In light of recent conversations about the relationship between racism and freedom of expression, and especially after the incidents at Mizzou earlier this year, it seems that we need to recognize that it is not black students who want to curtail freedom of expression. They keep using the power of protest and peaceful assembly as a form of expression to call attention to the variety of ways that their schools and public environments are made unsafe by those charged with their care and protection.
Hip-hop music has become a safe haven for the expression of rage — black male rage in particular. One of the biggest hip-hop stories of the year has been the beef between rappers Drake and Meek Mill over a series of public comments from Mill and a pair of diss records in response from Drake. Rappers talk shit about the things and people that make them mad in their music. On one of the apps that I listen to frequently, there is a whole playlist called “Belligerent Rap Music,” and it is full of violent posturing, gun sounds and threats.
I listen to this playlist any time I am feeling stressed out about the racist and sexist microaggressions that I experience, but to which I cannot respond. I let the songs do it for me. And while I might like to fantasize about “busting somebody’s head to the white meat,” in real life, I would in fact like everyone’s heads to remain intact.

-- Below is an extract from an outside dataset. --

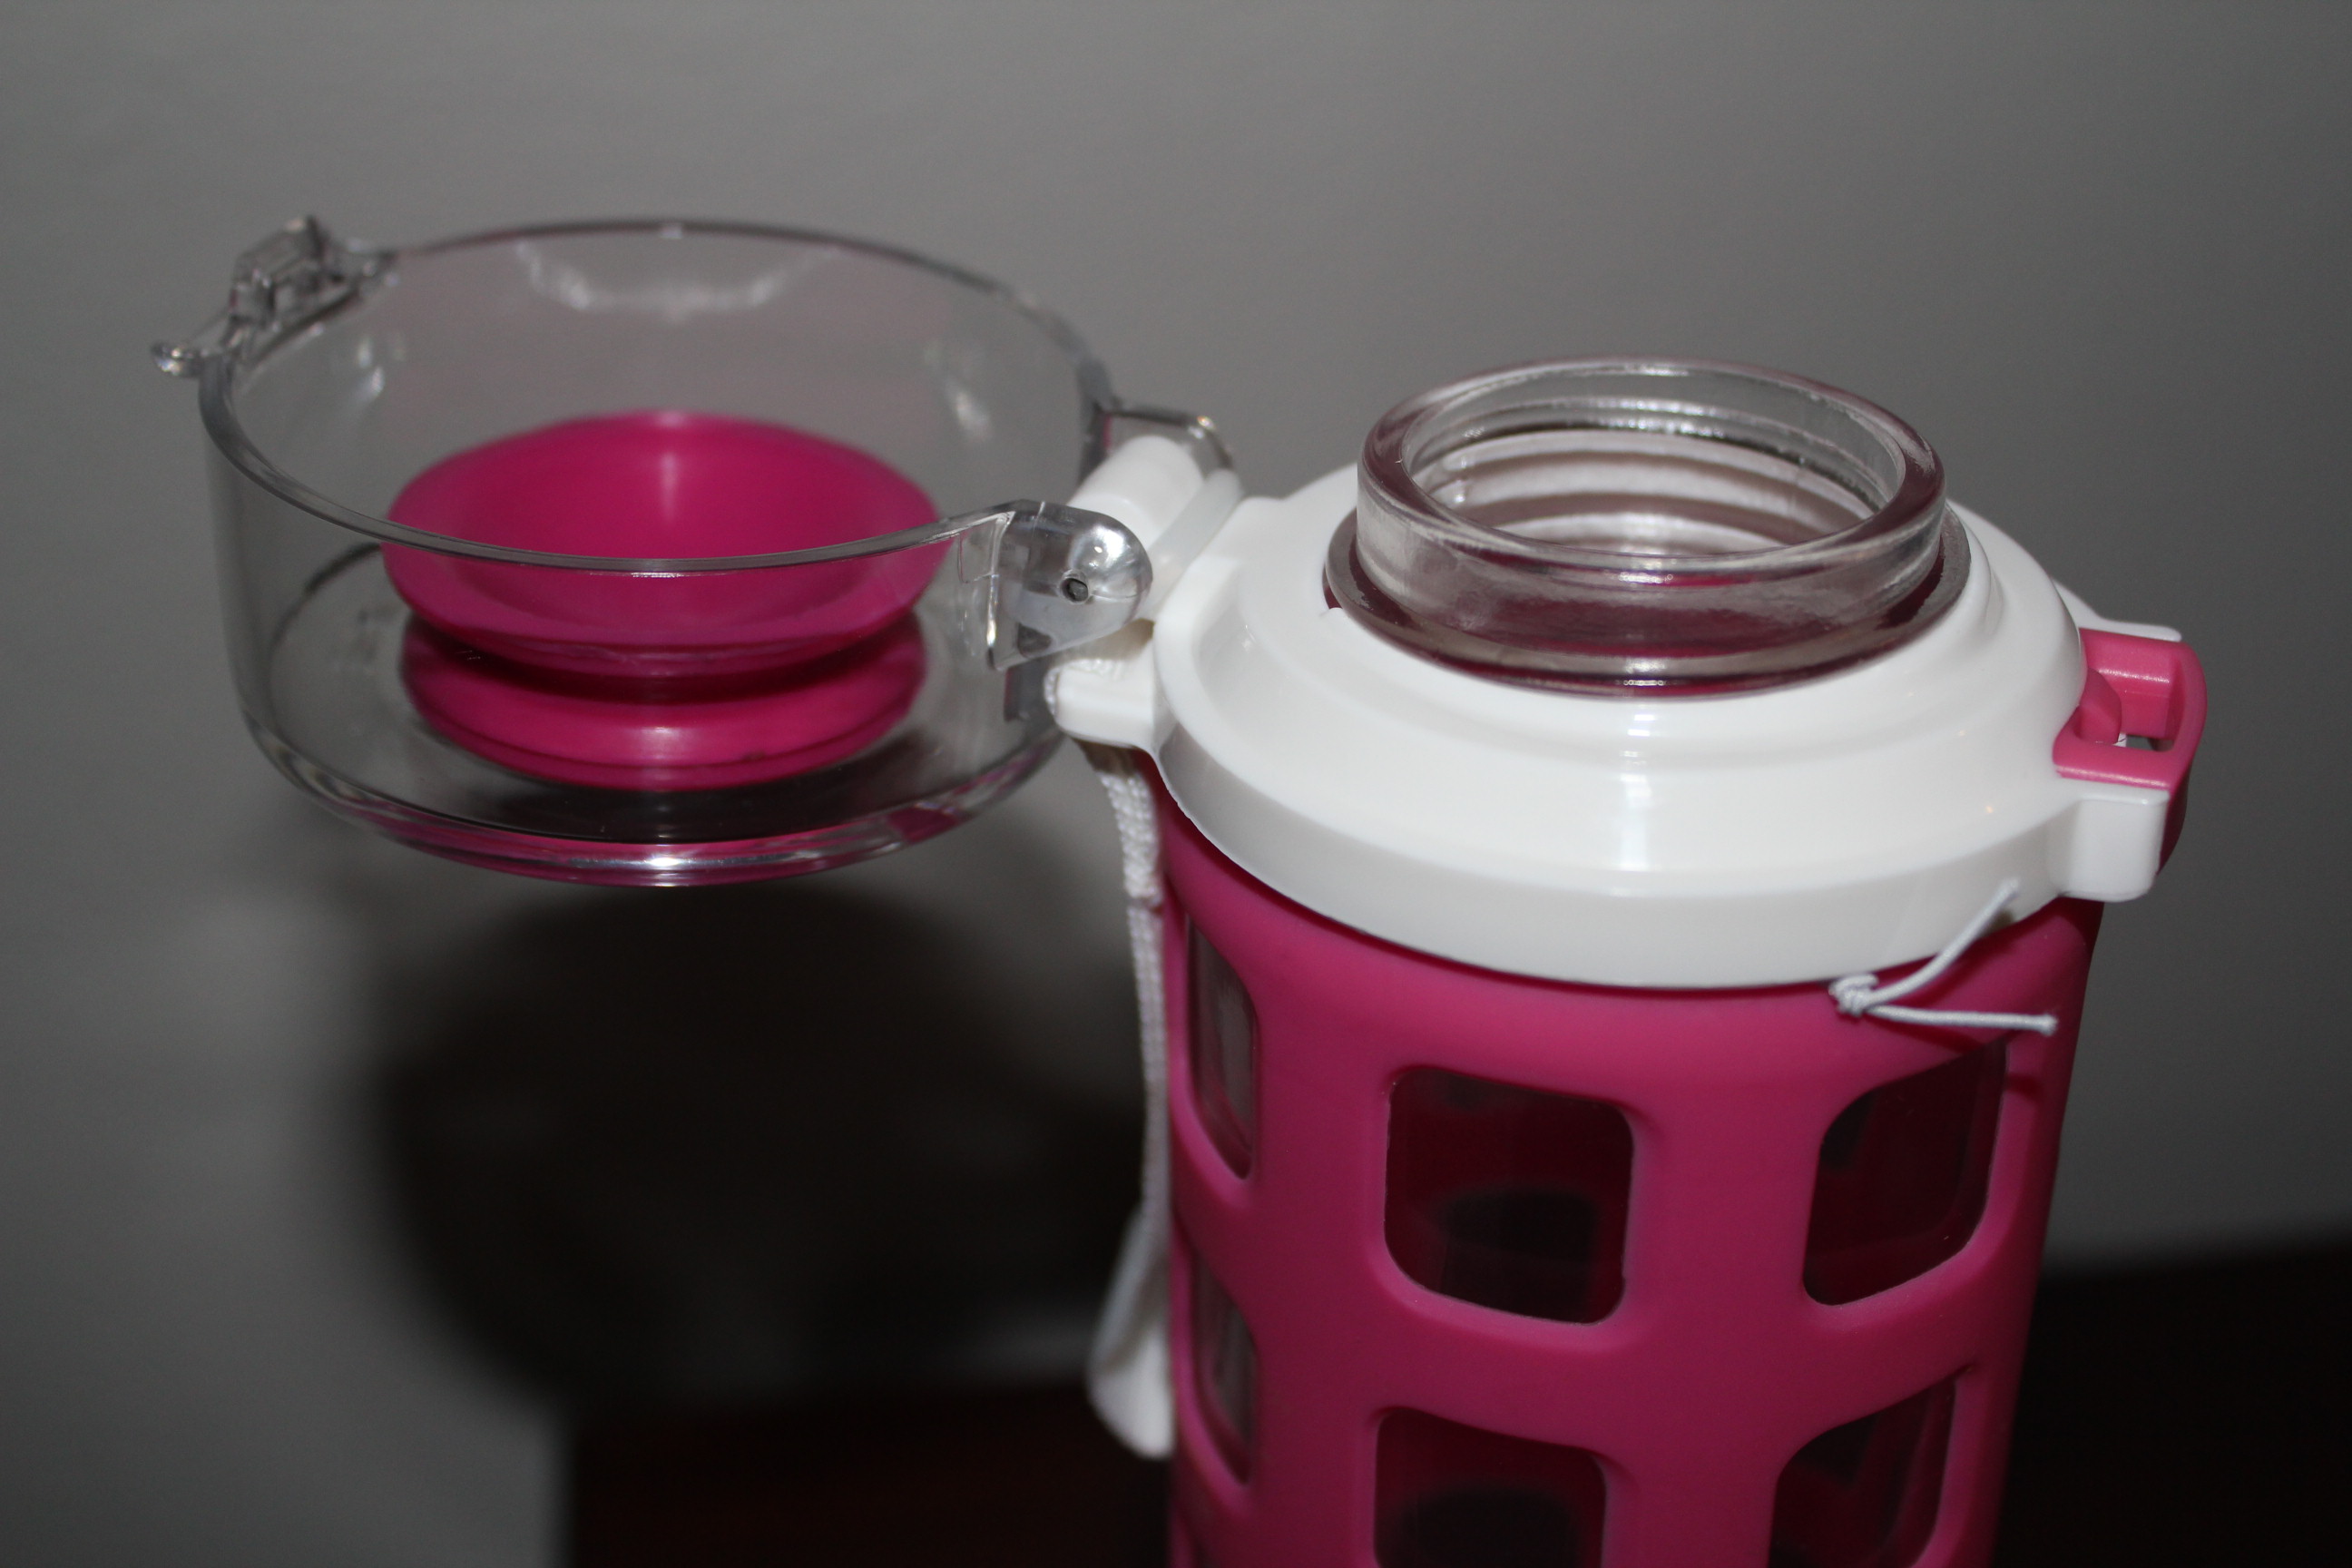 Ello Syndicate BPA-Free Glass Water Bottle with Flip Lid, 20 oz

Curtailing freedom of expression will not curtail black rage, no matter how hard some would try. And, at the very same time, the hesitancy that many in media have felt about black activists calling for media-free safe zones on campuses and stricter punishments for students who wear racially offensive costumes suggests that there is a tacit agreement that white rage should not be curtailed through the mechanism of freedom of expression.
Therein lies the rub: Many of these arguments of late have unfairly directed the outrage over potential free-speech infringements at the actions of black students, as though they have the structural power to take away this freedom from white students and white people more generally. But, in actuality, it is black students who are being suspended, subjected to the school-to-prison pipeline and otherwise regulated because of the creative and radical ways they use freedom of speech to call out injustice.
Freedom of speech — and the protection of it in ways that serve all citizens — seems like a complex issue. But these recent cases against black youth suggest that, in the end, it may be as black and white as it ever was.